Try it:
Your output should be everything below from the line containing "clair Menz wax ブラジリアンワックス スターターキット 【取扱説明書付】" down to the line containing "Afghan Shepherd: Afghan", both ends included, copied exactly, with pictures left out.

Material for this task:
################
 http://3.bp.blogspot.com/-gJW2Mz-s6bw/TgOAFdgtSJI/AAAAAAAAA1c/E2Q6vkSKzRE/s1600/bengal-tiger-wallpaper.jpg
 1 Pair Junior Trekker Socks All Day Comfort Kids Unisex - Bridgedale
################
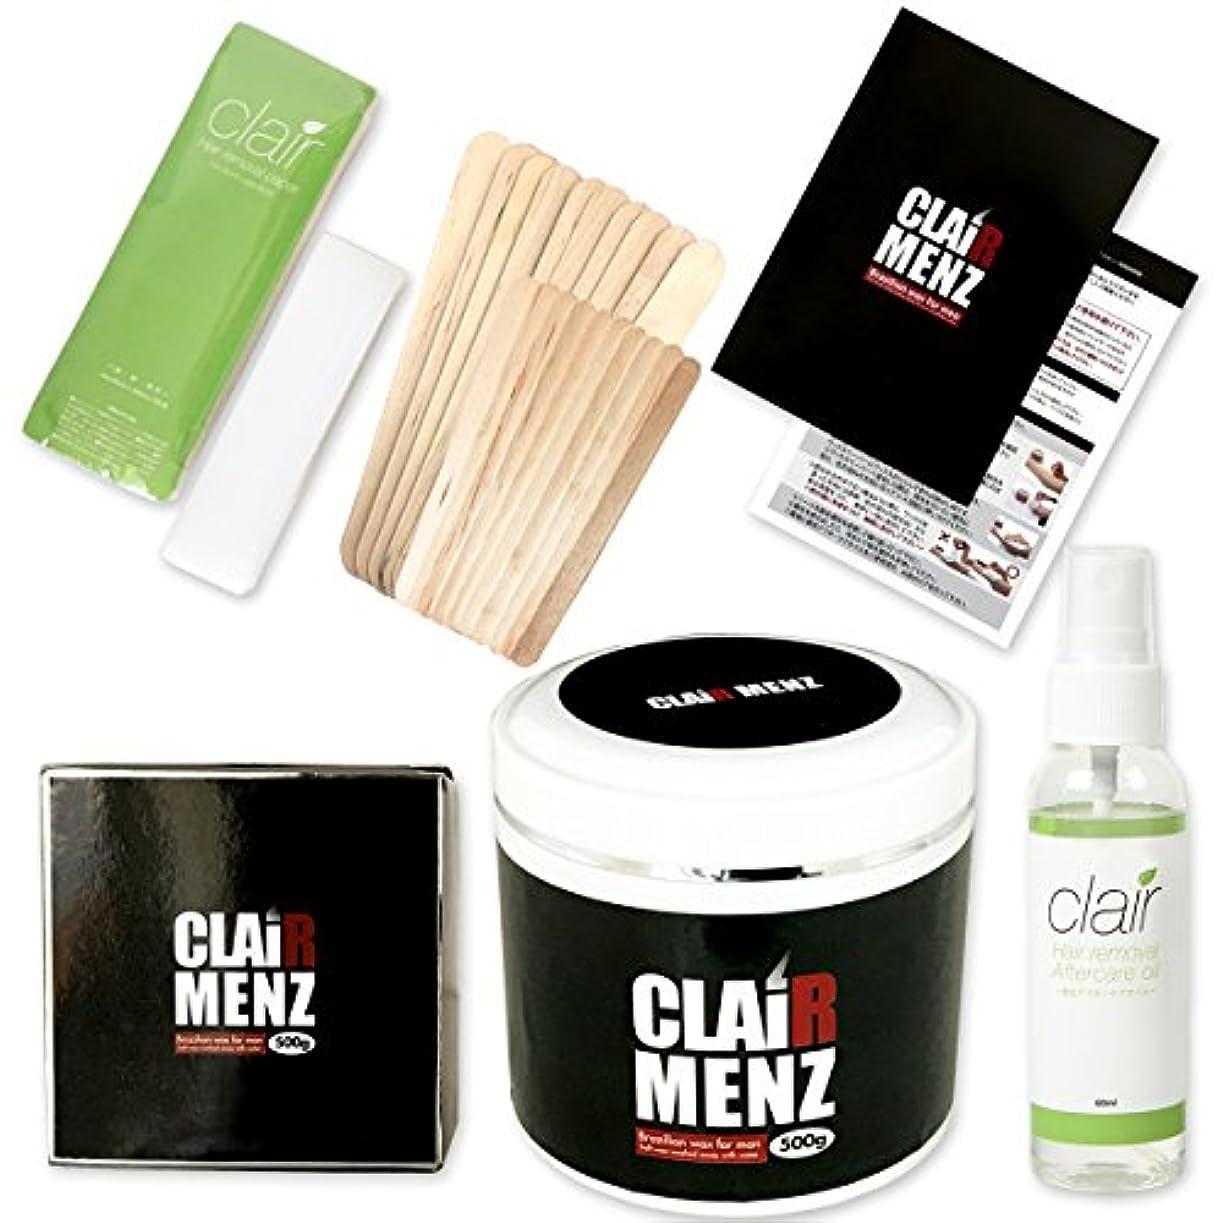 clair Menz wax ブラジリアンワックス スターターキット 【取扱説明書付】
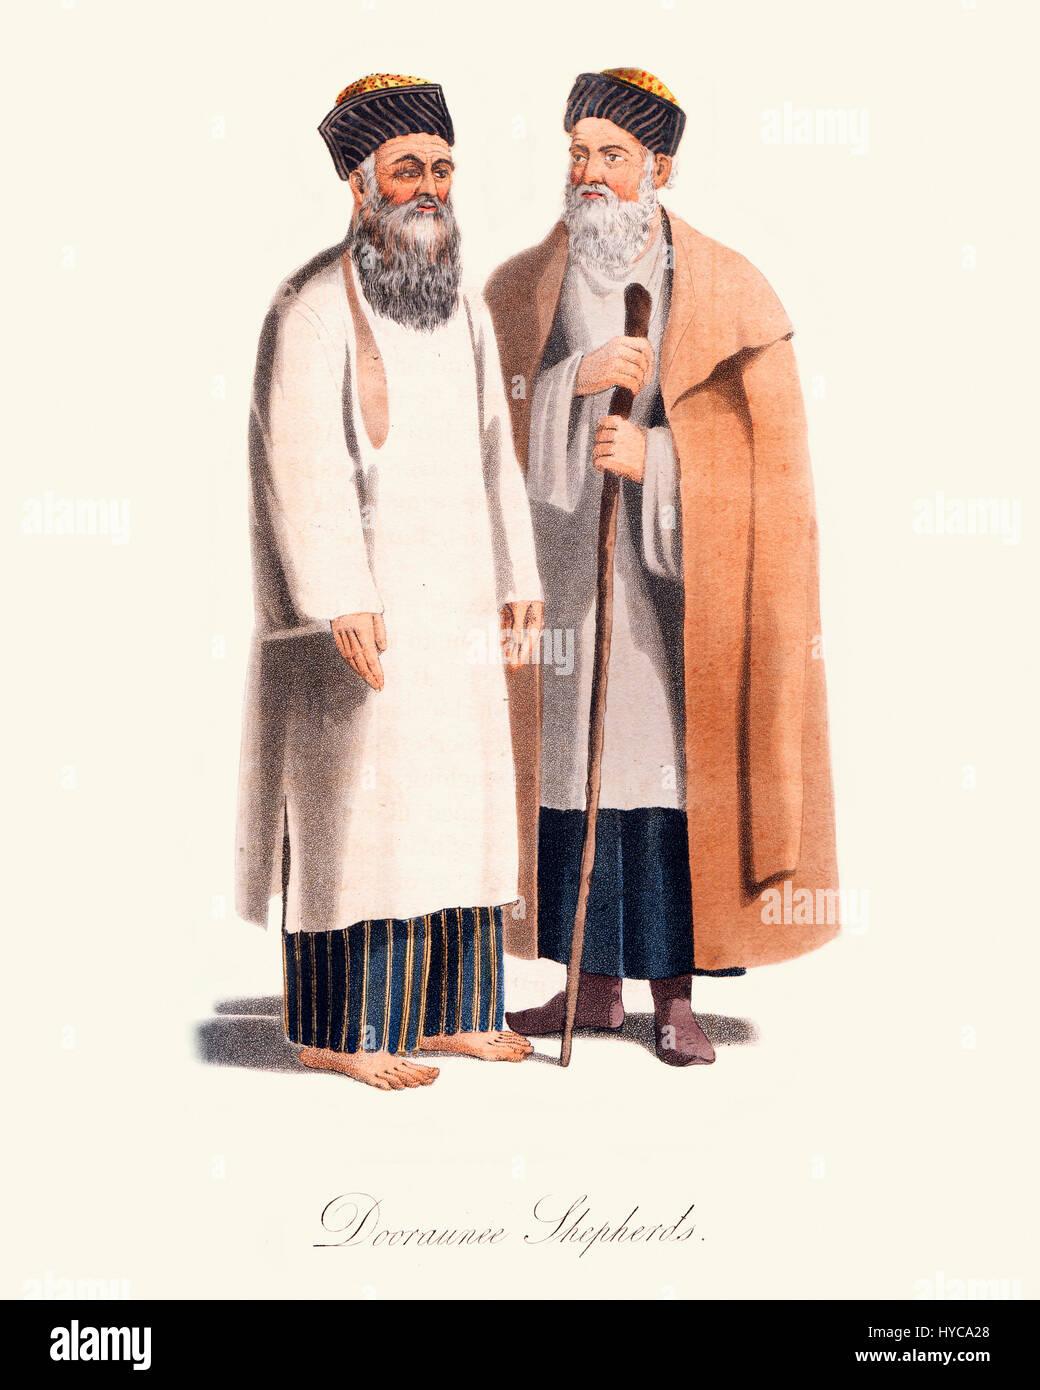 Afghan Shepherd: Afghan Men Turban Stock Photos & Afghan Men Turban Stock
################
Solution:
 clair Menz wax ブラジリアンワックス スターターキット 【取扱説明書付】
 Afghan Shepherd: Afghan Men Turban Stock Photos & Afghan Men Turban Stock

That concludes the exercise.